As described above, in the thermal head according to the present invention, a transparent electrode layer is provided on a transparent insulating substrate, and a photosensitive layer made of a material whose specific resistance decreases upon exposure to light is provided on the transparent electrode layer. A heating means is provided in which a heating resistor layer and a ground electrode layer are sequentially provided thereon, and further a protection layer is provided. Therefore, the necessity of forming the heating elements separated from each other with the arrangement density corresponding to the recording density and the individual electrodes defining the heating elements with high precision is eliminated, and the production yield can be remarkably improved. In addition, a drive circuit element to which a predetermined number of mutually separated heating elements are connected is not required, so that the number of components can be significantly reduced and the configuration can be downsized. In particular, in the present invention, since the ground electrode layer is disposed on the protective layer side, during printing operation, contaminants such as chlorine ions contained in the thermosensitive recording medium cause film formation defects (pinholes and the like) in the protective layer due to Coulomb force. ) Is not attracted to the ground electrode layer, and therefore, corrosion of the ground electrode layer due to contact of contaminants can be effectively prevented.

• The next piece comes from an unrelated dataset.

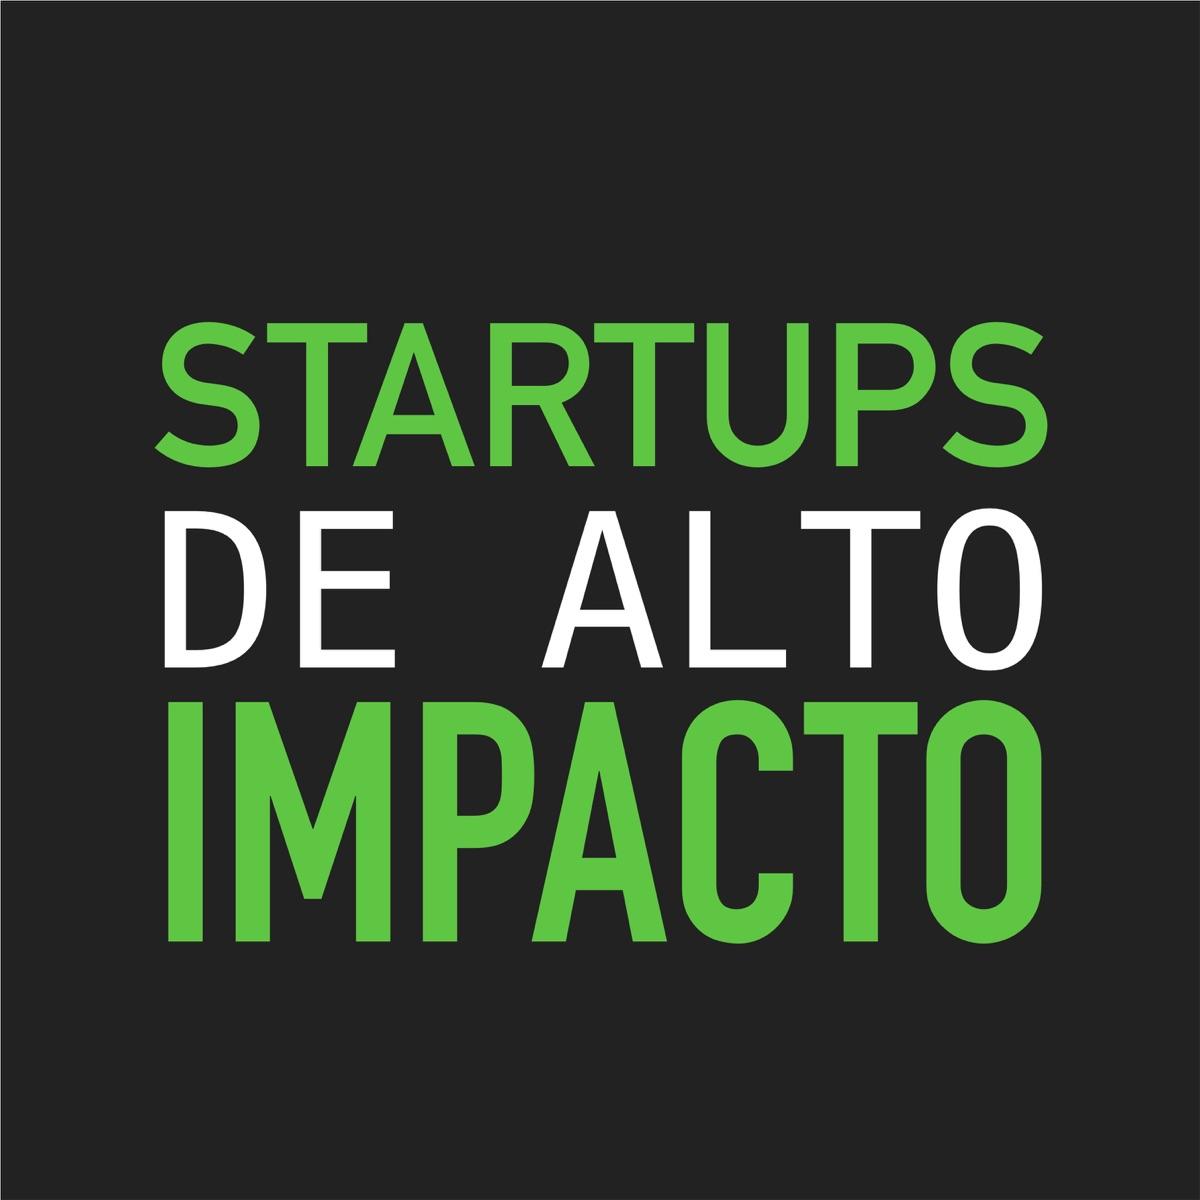 Startup-de-alto-impacto

[Brief description of the drawings]

FIG. 1 is a system diagram of a thermal head 11 according to an embodiment of the present invention.

FIG. 2 is a sectional view of the thermal head 11;

FIG. 3 is a graph illustrating characteristics of a photosensitive layer 14.

FIG. 4 is a system diagram showing a configuration of another embodiment of the present invention.

FIG. 5 is a perspective view of a thermal head 1 of a conventional example.

[Explanation of symbols]

 DESCRIPTION OF SYMBOLS 11 Thermal head 12 Transparent substrate 13 Transparent electrode layer 14 Photosensitive layer 15 Heating resistor layer 16 Common electrode layer 20 Heating means 21 Laser light generator 22 Reflector 25 Power supply 27 Fluorescent layer 28 Electron gun

Claims (1)

(57) [Claims] 1. A transparent electrode layer, a photosensitive layer made of a material whose specific resistance decreases upon exposure to light, a heating resistor layer, a ground electrode layer held at a ground potential, and a protective layer are sequentially formed on an electrically insulating transparent substrate. A heat generating means provided, and selectively irradiating light to the photosensitive layer through a transparent substrate and a transparent electrode layer while sliding a heat-sensitive recording medium on the protective layer to partially reduce the specific resistance of the photosensitive layer. And
The heat-generating resistor layer between the transparent electrode layer and the ground electrode layer is energized to partially generate heat in the heat-generating resistor layer, and the heat is transferred to the heat-sensitive recording medium to perform thermal printing. Thermal head.